Companies decide on a hosting strategy for their software platform, which needs to account for a number of high level factors:

  • Countries in which the software will be used
  • Ensuring adequate performance and scalability across regions
  • Ensuring that the software is highly available and can recover from failures
  • Region specific restrictions related to systems and data

In this article we will describe a number of ways in which the Curity Identity Server can be deployed, and the option(s) chosen depend upon the specific problems the company is trying to solve.

Hosting Big Picture

Hosting in an OAuth architecture typically requires three main types of HTTPS endpoint called by apps, for Web Content, APIs and the Authorization Server. The company will also design URLs and domain names in order to provide these endpoints:

Components

For the system to be highly available and perform well, the components then need to be scaled. Also, the data used by the APIs and Authorization Server needs to be managed reliably over time, and to meet regulatory requirements.

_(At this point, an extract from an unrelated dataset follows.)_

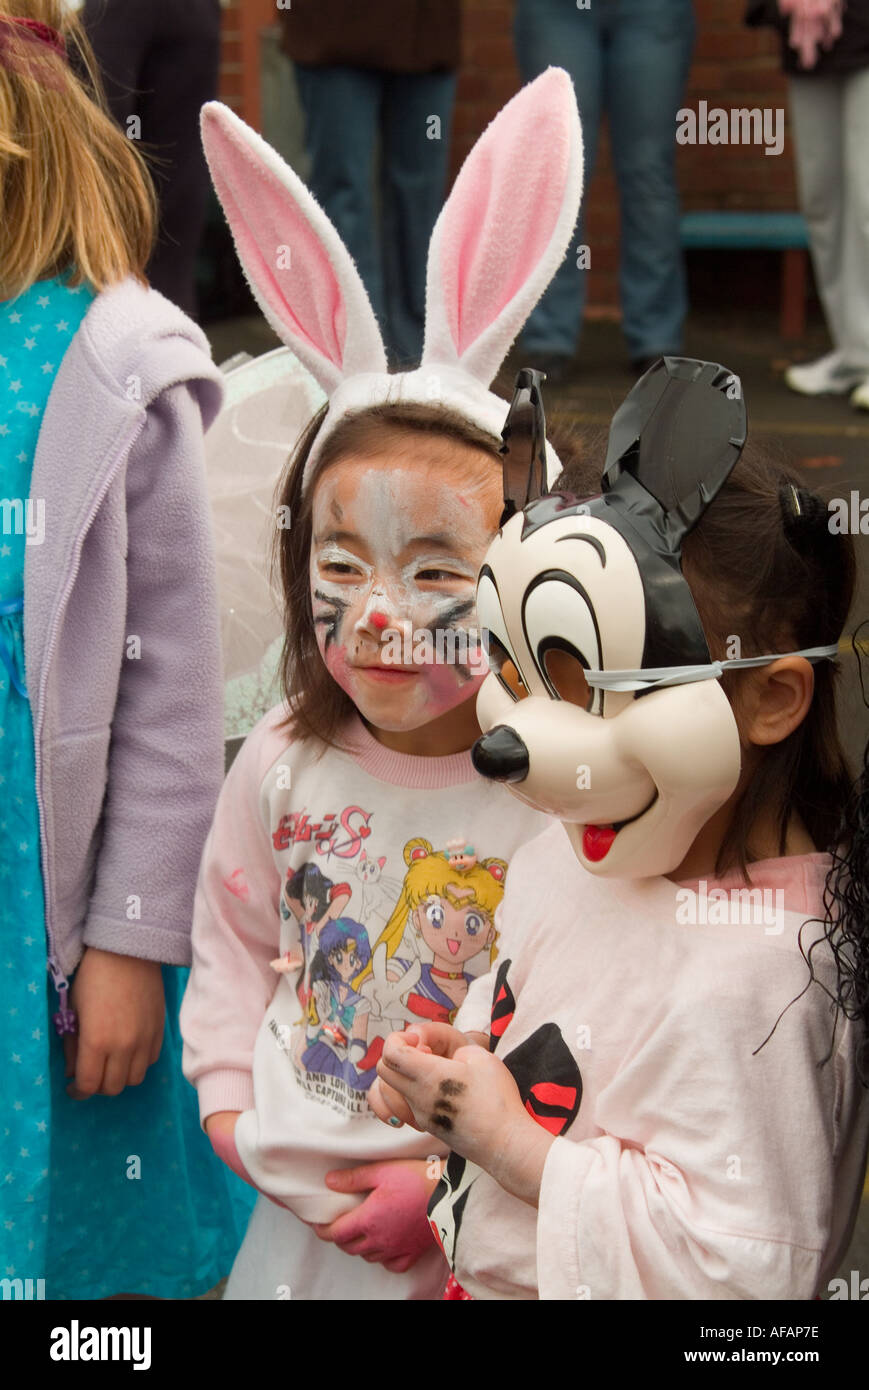 La scuola primaria chidren in costume per un libro parade dove i bambini vestirsi come i loro personaggi preferiti da libri Foto Stock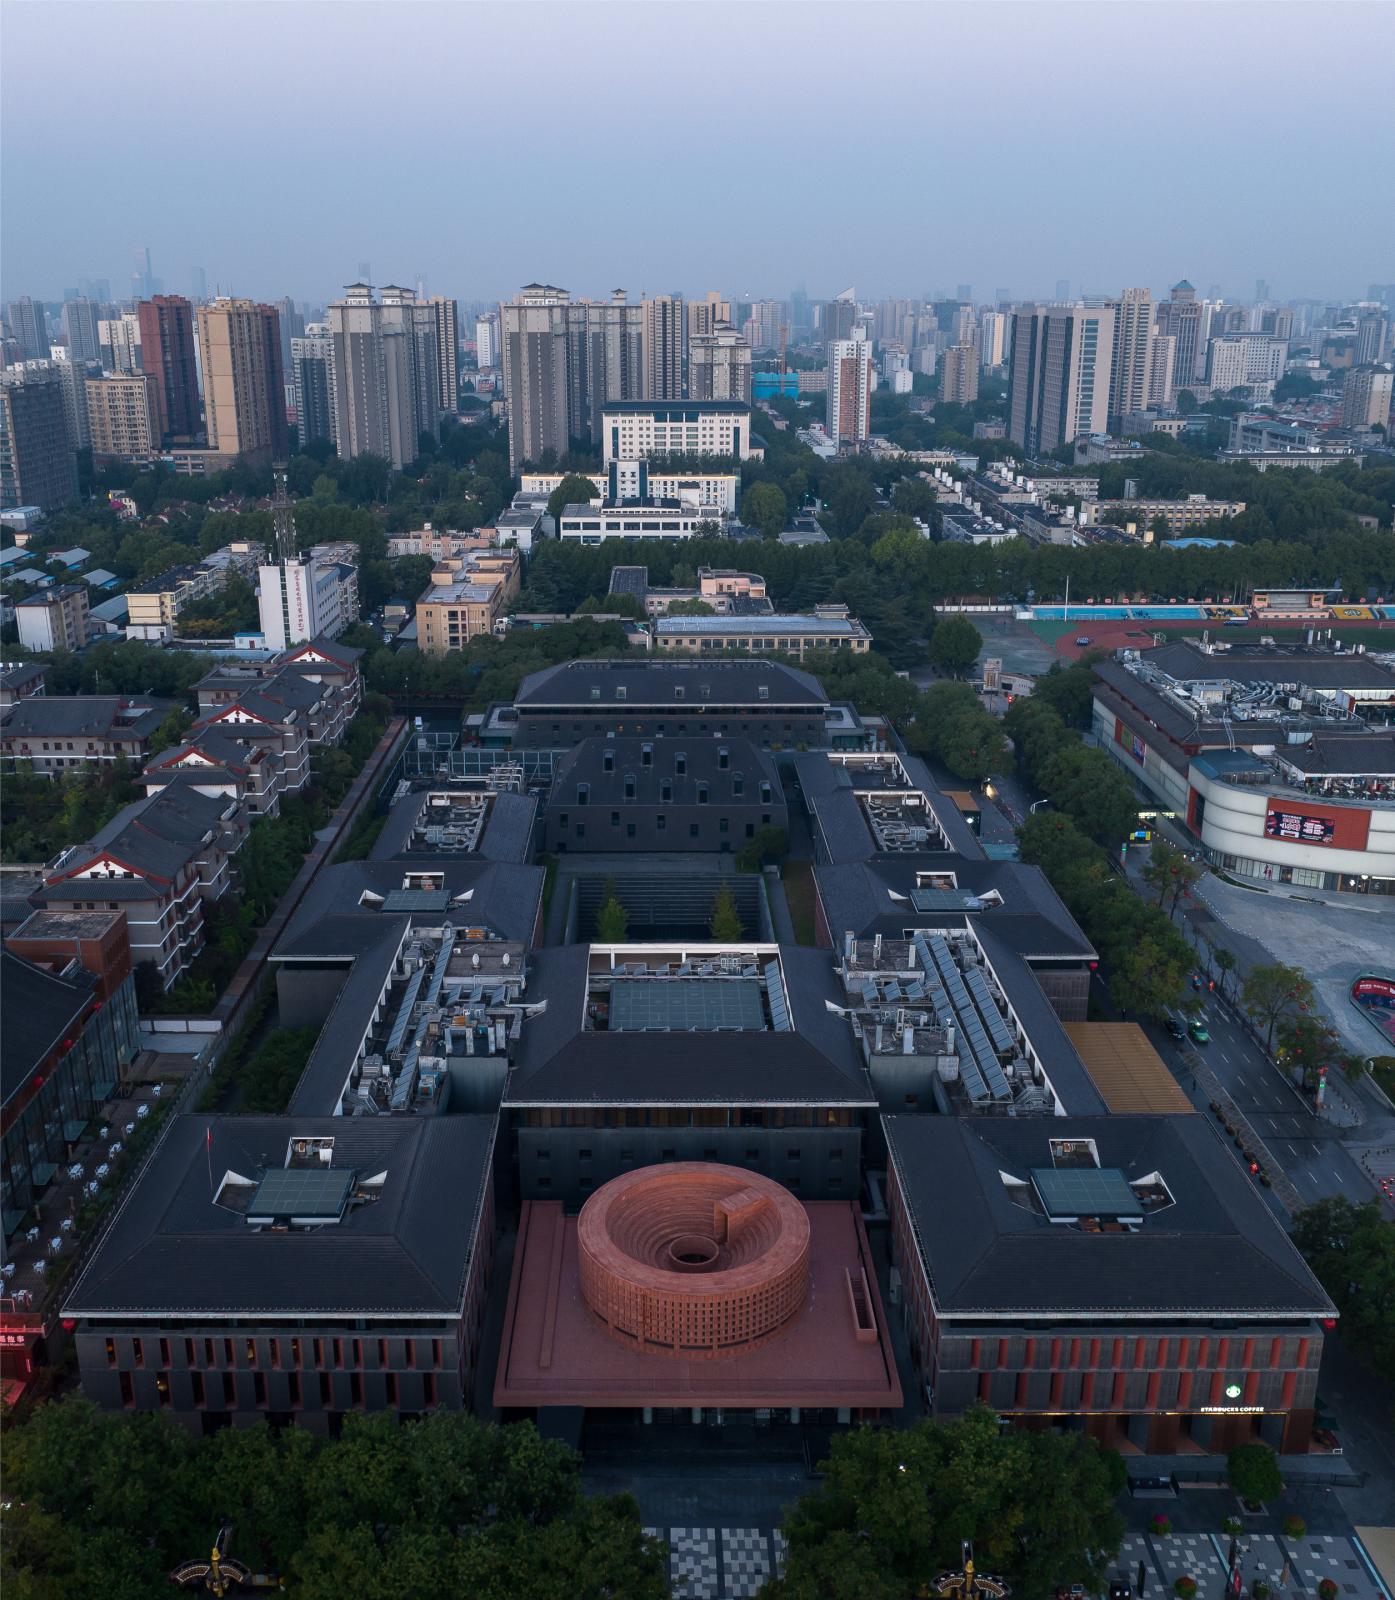 Qujiang Museum

Identity Server Deployments

A basic form of production hosting is to ensure at least two instances of each component type, except for data sources, which are instead frequently backed up. This could be hosted ‘On Premise’, though it is more common these days to deploy to the Cloud, often using containers and Kubernetes.

For the Curity Identity Server the components are illustrated below, and we recommend driving the deployment from configuration:

Curity Components

ComponentBehavior
ConfigurationConfiguration is provided as part of the startup image, and then updated via the Admin UI or REST API
Admin NodeThe admin node is responsible for receiving configuration and then feeding updates to runtime nodes
Runtime NodesRuntime nodes serve your applications and also listen for any configuration changes from the admin node
Data SourcesWhen runtime nodes handle authentication and token requests, they connect to data sources

The admin node should not be exposed to the internet, and this is usually managed via network segmentation. The end result is that the admin node is only available when authorized company employees are connected to their work network.

Runtime nodes are independent and never call each other, meaning that they remain in a working state even if they cannot connect to the admin node. This provides a simple deployment design that scales well to any type of global cluster.

Internet Entry Points

For any systems that deal with data sources it is recommended to host the actual nodes behind a reverse proxy, rather than exposing the nodes directly to the internet.

ComponentEntry Point
Curity Identity ServerThe entry point for the Curity Identity Server can be a simple reverse proxy, such as a Kubernetes Ingress
APIsThe entry point for APIs is typically a gateway, such as those provided by cloud systems, with the capability to introspect access tokens
Web Back EndsIf a web back end stores data related secrets, such as database connection strings, a reverse proxy should be used here as well
Web Static ContentIt is common to use a Cloud Content Delivery Network (CDN) to deliver web static content that contains no sensitive information

Single Region

A company hosting within a single region would therefore require only a fairly simple Identity Server deployment, where internet apps send OAuth requests via the reverse proxy’s public URL.

Single Location

It is common to then use built in support from cloud native platforms such as Kubernetes, to manage nodes as production conditions change. The below areas can then run without manual human actions, to help ensure the system’s availability:

  • Auto repair faulty nodes when a node no longer passes health checks
  • Auto scale nodes when the system is under a high user load
  • Use an ‘infrastructure as code’ approach to automate the deployment

Auto Scaling

The Curity Identity Server provides the following built in Monitoring Capabilities that can be called by the cloud platform:

CapabilityDescription
HealthStatus endpoints on port 4465 can be used to determine basic availability and see if an instance is healthy. If not the cloud platform can be configured to mark the instance down and spin up a new node to replace it.
MetricsMetrics endpoints on port 4466 can be used to report details on how many requests or how much CPU / memory a node is using. Rules can be configured in the monitoring system to adjust the number of nodes based on results.
AlarmsIf the nodes themselves are healthy but experience a problem connecting to another resource, then Alarms can be used to enable immediate alerts that point to the failing component.

Active Passive

Although the above infrastructure has some great reliability, it may not cope with certain events, such as a hurricane that brings down electrical power for an entire region.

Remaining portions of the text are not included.